В комендатуре, куда его доставили еще с двумя самовольщиками, дежурный лейтенант оглядел Гумера с головы до ног: «Хорош гусь!»  и отправил на «губу», откуда на другой день он был препровожден в родную часть под гром и молнии собственного начальства.

Все эти дни прошли для него словно в тумане. Он плохо соображал, почти не разговаривал, часами ходил из угла в угол, когда оставался один, тупо выполнял назначенную в качестве наказания работу.

Как знать, чем бы аукнулась ему эта история, если бы попала она в холодные руки, если бы кто-то, особо не размышляющий, дал ей формальный ход! И разобрались, и поняли, и спустили, что называется, на тормозах. Но он вышел из нее опустошенным и озлобленным на весь белый свет.

О Зифе думал с ненавистью, и то, что раньше умиляло в ней, вызывало такие темные чувства, что он старался не вспоминать.

Только все в родной деревне напоминало о ней  и дом, где она жила, и улицы, по каким они ходили вместе, и дерево, под которым они когда-то впервые поцеловались, и старый клуб, где звучал ее голос, и люди, провожающие его взглядом.

И даже неразговорчивый отец обронил однажды несколько осуждающих слов о современных девушках, которые перестали чтить честь и достоинство.

Гумер с трудом удержался от резкости, но именно в это мгновение принял решение не возвращаться в Сибай, а уехать куда-нибудь подальше, чтобы с корнем вырвать из сердца опозоренную изменой любовь. Уже в поезде разговорился с попутчиком, ехавшим поступать в Магнитогорский политехнический институт.

 А что это такое?  спросил равнодушно.

 Говорят, инженеров готовят,  ответил парень уклончиво.  Мне лишь бы учиться недалеко от дома. Давай вместе, а?

Гумеру парень понравился, ехать было все равно куда, и он, не раздумывая особо, сошел на станции в Магнитогорске.

Раны затягиваются, боль забывается  все проходит, как говорил когда-то мудрый царь Соломон.

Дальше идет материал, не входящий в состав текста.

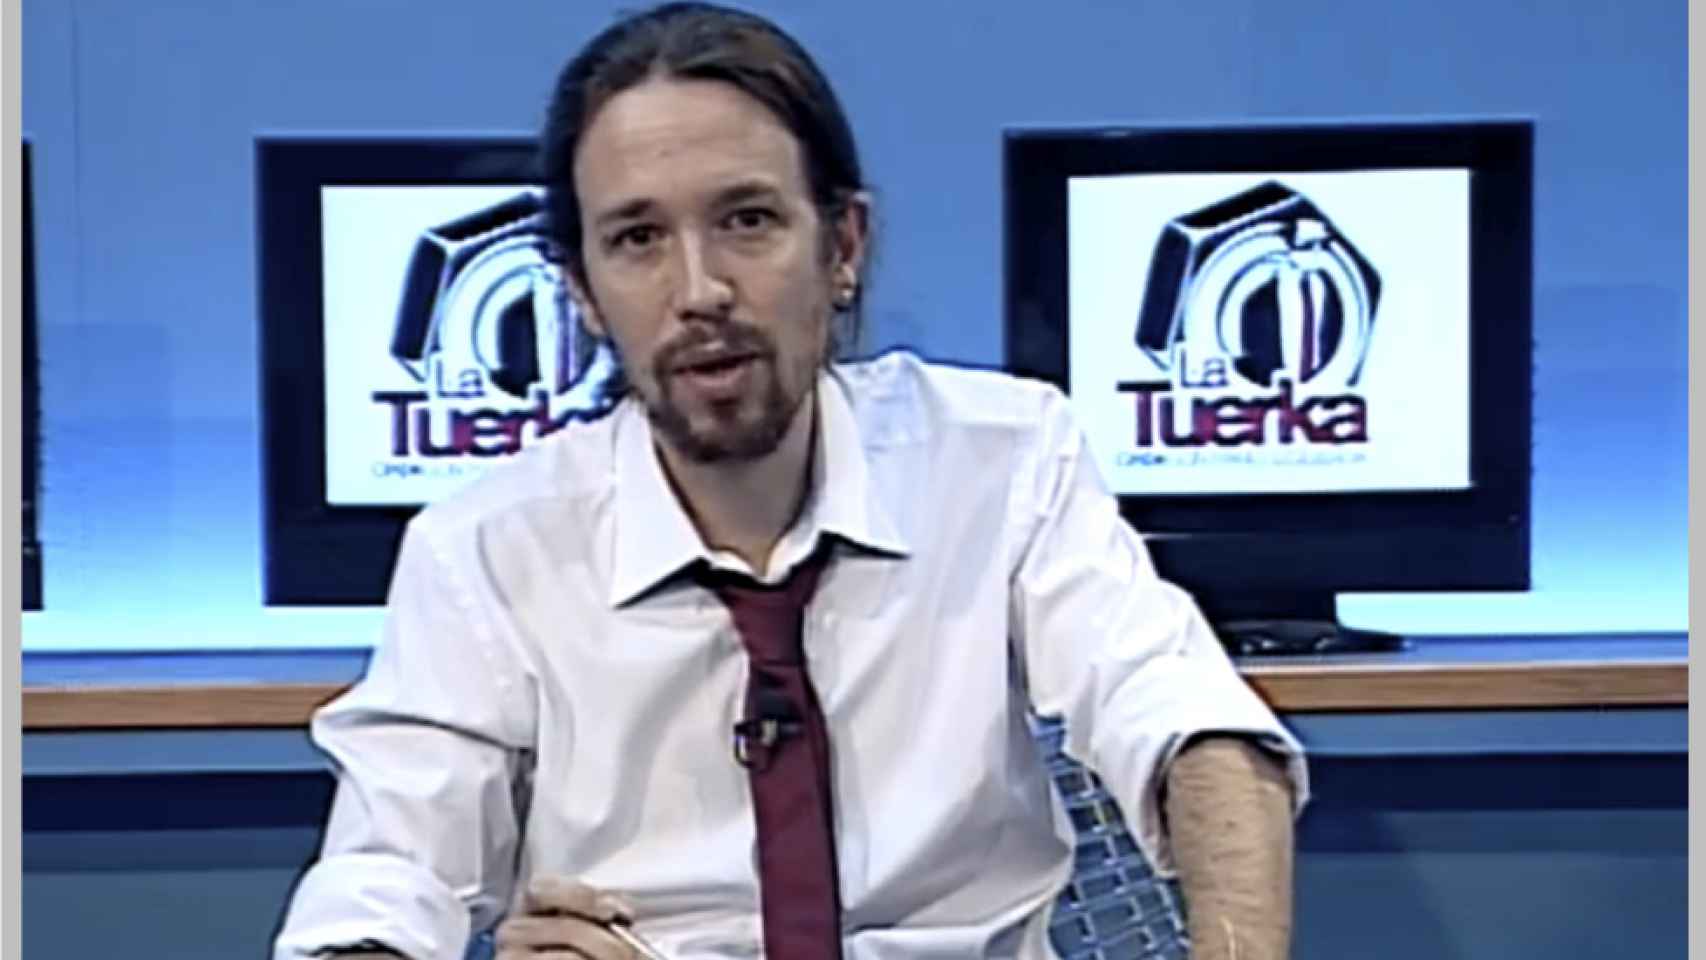 Cierra 'La Tuerka', el programa que lanzó al estrellato a Pablo Iglesias

Годы побежали своей чередой, новая жизнь одаривала и радостями, и огорчениями, и в пестрой чересполосице дел и забот отошла постоянная, как зубная боль, тоска по прошлому, отошла-отпустила, но не забылась.

В снах лицо Зифы виделось смутно, словно сквозь затуманенное стекло, а руки  помнили, а губы  тоже, и он просыпался разбуженный неровно бьющимся сердцем.

Он обманывал себя  не уходила и не ушла любовь никуда, спряталась-затаилась; не смея тревожить днем, она напоминала о себе ночами, когда человек во сне бессилен и беспомощен.

«А смог бы я простить и начать все сначала?»  спрашивал он себя иногда, и отвечал непримиримо разум: «Нет, не смог бы», но шептало сердце: «Да, да, да!»

И не раз плакал постыдно во сне и просыпался от этих горьких и злых слез.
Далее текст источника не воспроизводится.